Happiness is already here…..

An interesting quote. Sometimes we look in all kinds of places for our happiness – a new relationship, a better car, a holiday, other people, a more prestigious job. However most research and practice shows that very little of happiness is due to changes in external circumstances, or getting the world to be as we think it should be. These things change all the time,  and even when we think we have gotten the mix right, and feel we are in control,  it is often a short-lived illusion. Rather, happiness  is a skill,  or a group of skills, that we can cultivate, based on a source of natural goodness already within us, with which we approach both good and bad in life as they arise and pass away before us. Looking for happiness creates a duality which is not always helpful. Always focusing outside of ourselves means that we do not often realize what we already have, and fail to live in this moment, as we work to change ourselves and our circumstances to “improve” them and ourselves.

I wish to draw attention to the following problem:

the idea of happiness presupposes that at present we are unhappy.

Kosho Uchiyama Roshi

What way it is ‘supposed’ to be?

The more things go “our way” for a while, the more we can believe that that is the way it is supposed to be. And when things don’t go “our way,” which sooner or later they will not, we can get angry, disappointed, depressed, devastated forgetting that it was never “supposed to be” any one way at all.

Jon Kabat-Zinn, Arriving at your own Door

Time past and time future

Go, go, go, said the bird: Human kind

Cannot bear very much reality.

Time past and time future

What might have been and what has been

Point to one end, which is always present.

T.S. Eliot, Burnt Norton


Another post on remaining in the present moment, this time as a practical way of working with fear. It is prompted by a nice comment I got from Eric regarding a previous post, where he quoted Einstein. That  set me thinking of another quote from the same famous scientist, which echoes some of the ideas we find in our meditation practice: People like us, who believe in physics, know that the distinction between past, present, and future is only a stubbornly persistent illusion.

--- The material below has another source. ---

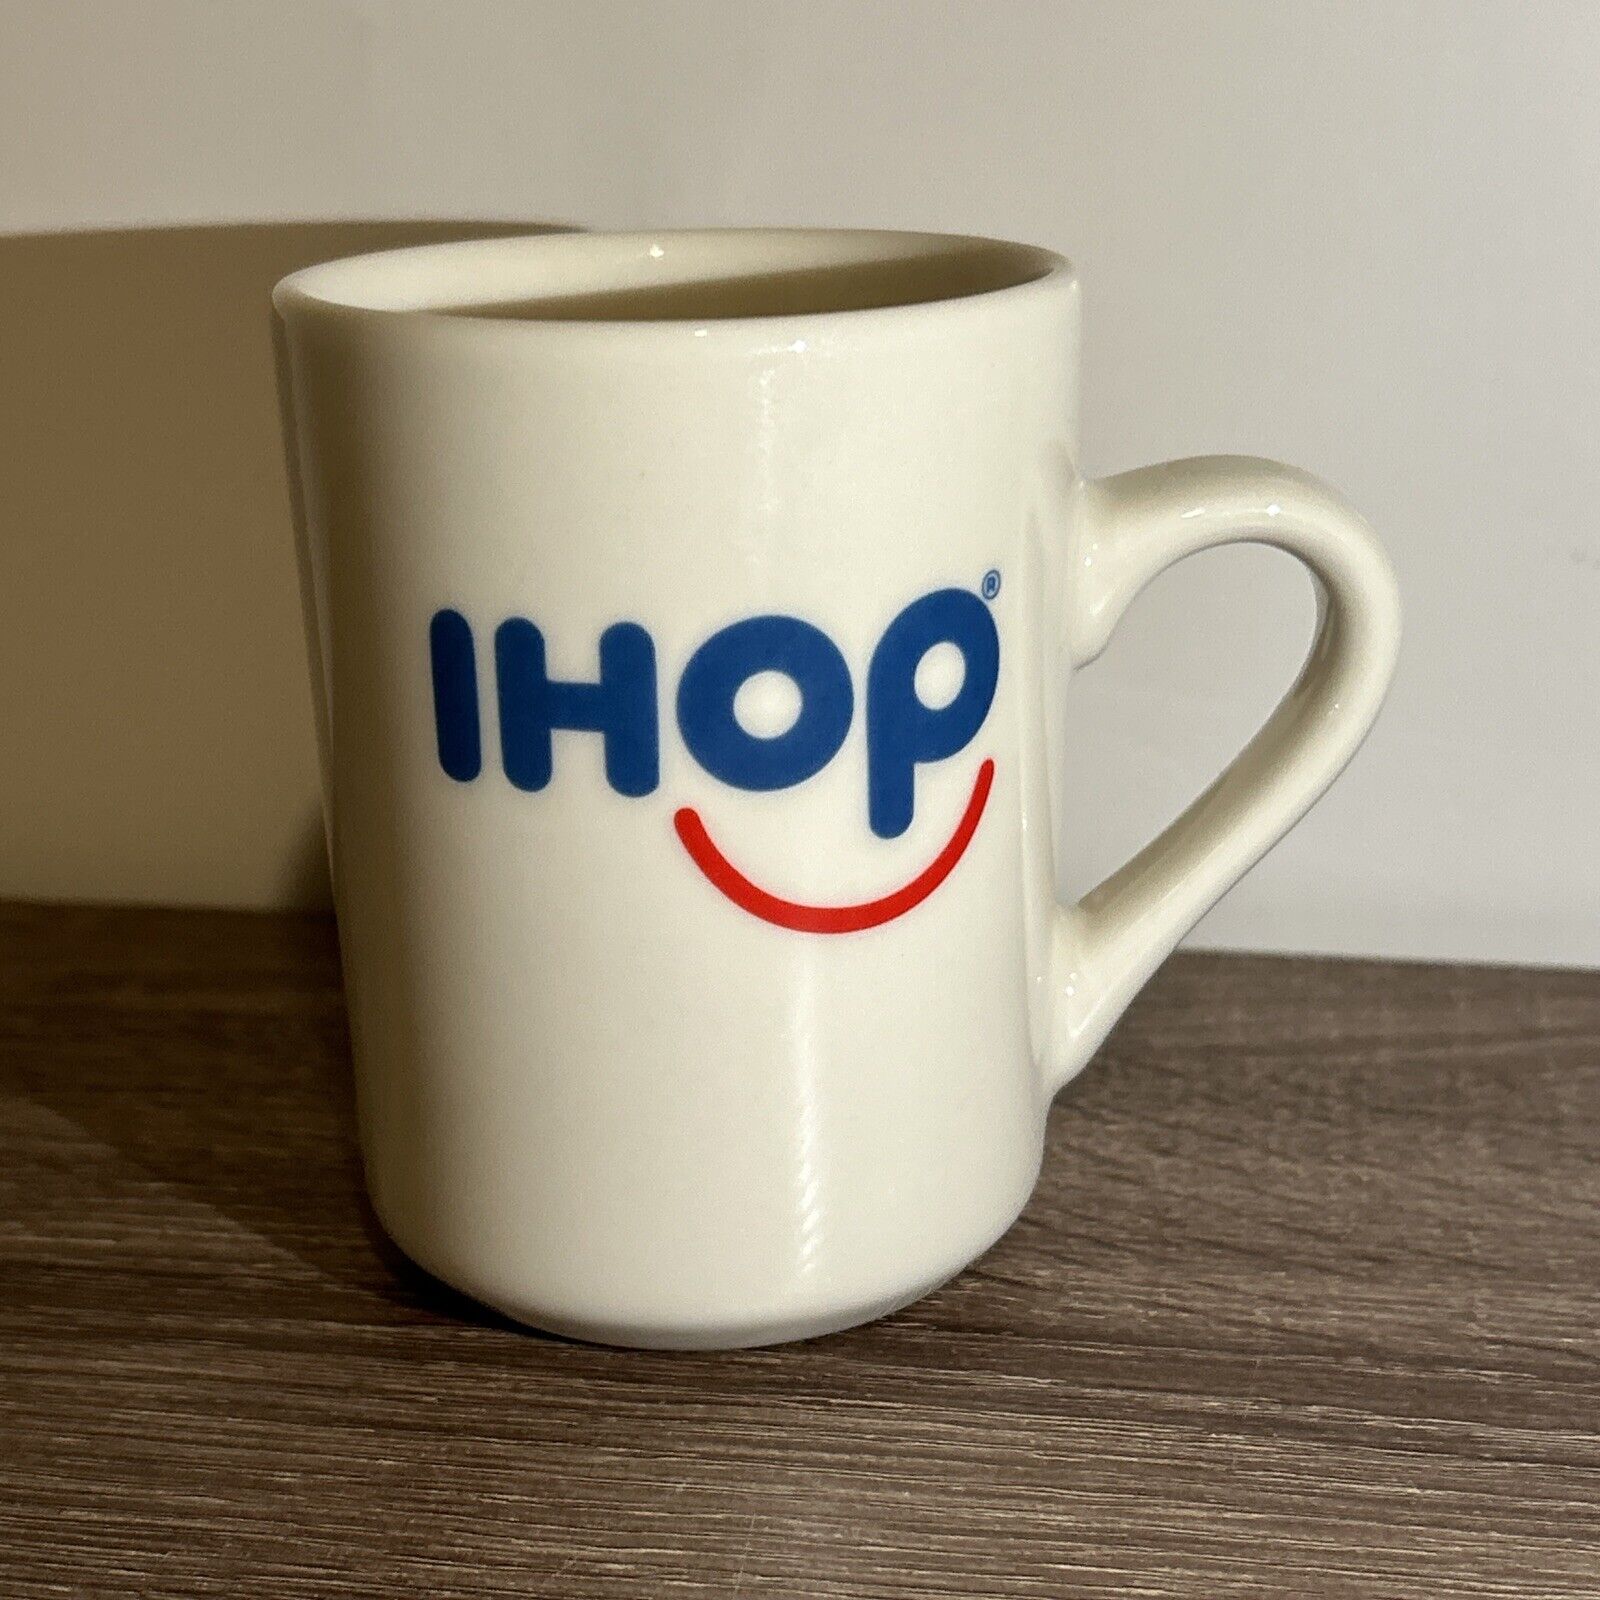 IHOP House of Pancakes Smiling Diner Coffee Mug Cup Tuxton 8 oz Capacity

When we meditate we come to see that – in one sense –  the past and the future exist only in the mind. And often with regard to the future we  create scenarios which will never happen,  leading to worry. Last night in the MBSR Course, we had a discussion about  how we can work when strong emotions, such as fear, arise. One thing we can do is to recognize that some of the thoughts connected to the fear concern future scenarios which may never happen. If we can let go of those thoughts – and that is not always easy – what have we got to work with when we just stay in the present?  The main thing is the sensation in our body at this moment. We notice there is a tightness in the chest, a clenching or a knot in the stomach, or rushed breathing. So this is our practice: We recognize this,  and stay with the present, experiencing fear or anxiety as it is actually happening, as an embodied feeling. We then try not to add any judgment about the feeling or about ourselves to the moment. We let go of trying to fix it. We practice just being with the sensation for as long as we can, seeing what is going on. Thich Nhat Hahn writes about this practice as a way of taking care of  ourselves, almost like we would take care of a frightened child:

Mindfulness is there in order to recognize. To be mindful of something is to recognize that something is there in the present moment. Mindfulness is the capacity of being aware of what is going on in the present moment. “Breathing in, I know that fear has manifested in me; breathing out, I smile towards my fear.” This is not an act of suppression or of fighting. It is an act of recognizing. Once we recognize our fear, we embrace it with a lot of awareness, a lot of tenderness.

A mistaken view of happiness

Genuine happiness does not come from accumulating pleasant feelings.

Joseph Goldstein

The winter is over, let go, move on

It is so good to see the buds appearing on the branches and the first flowers pushing their way through the soil. Nature is full of positive energy and we too are part of that.

Be ahead of all parting, as though it already were behind you, like the winter that has just gone by. For among these winters there is one so endlessly winter that only by wintering through it all will your heart survive.

Rilke

Seeing the bigger picture

When life makes us face difficult situations

—  such as a personal loss   —

we have to understand that eternity is taking one more step.